# New Track - what a difference!



## train4myboys (Apr 7, 2008)

I was told that the Bachmann starter set track wouldn't last. I was never told that it would be junk from the start! I'm not sure why they include that track, it's gotta turn some people off of g-scale and trains from the start. 

I bought the big top starter set for my boys, and started to run it inside until I get the garden ready to take it. Even on my flat brick floors the track was always coming apart, the train would slow down dramatically on the far side of the track from the transformer, and, if I was lucky, the train would derail every other time around the 4 x 8 oval. 

I got some aristo track yesterday, a roughly 5 x 7 oval. After the initial setup time including screwing the tracks together, the train runs FAR more smoothly, doesn't derail, and doesn't slow down, even with the same power supply/speed control. It's like a whole different train. 

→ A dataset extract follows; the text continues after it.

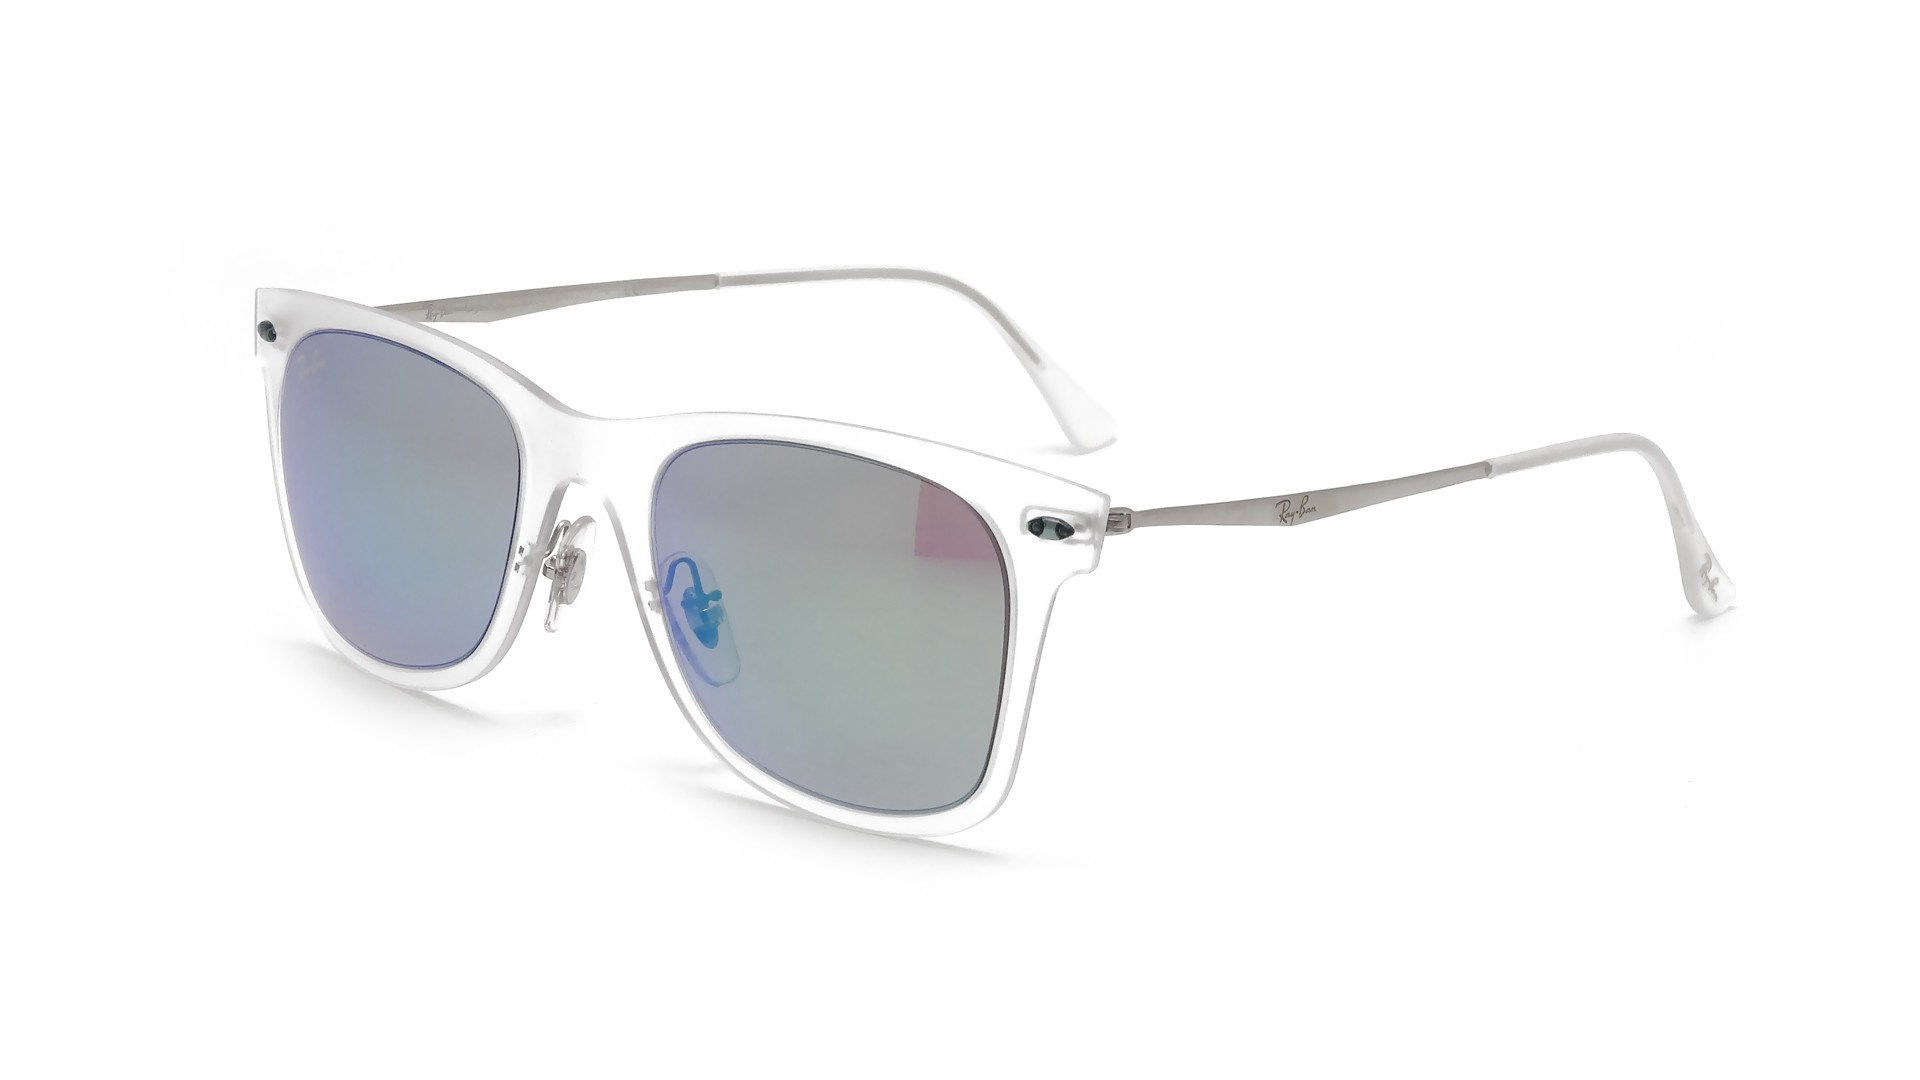 9007a27b19b Ray-ban Wayfarer Ii Sunglasses Clear   Black

I was ready to toss the whole set, train and all. I'm glad I got some new track before scrapping it all. Now that we're getting the first inklings of snow, moving it to the garden will have to wait until spring, but I'm looking forward to getting it out there more than ever.


----------



## Boston&Maine (Dec 19, 2007)

Glad to hear everything is working properly now


----------



## tworail (Apr 13, 2006)

What brand of track do you have now?


----------



## train4myboys (Apr 7, 2008)

Got the basic Aristo brass. Works well indoors for now, we'll see how it does outdoors in the spring. I think I'll be laying a track bed of crusher fines as soon as the spring thaw hits.


----------



## tworail (Apr 13, 2006)

Awesome, make sure to post some pics when you do!


----------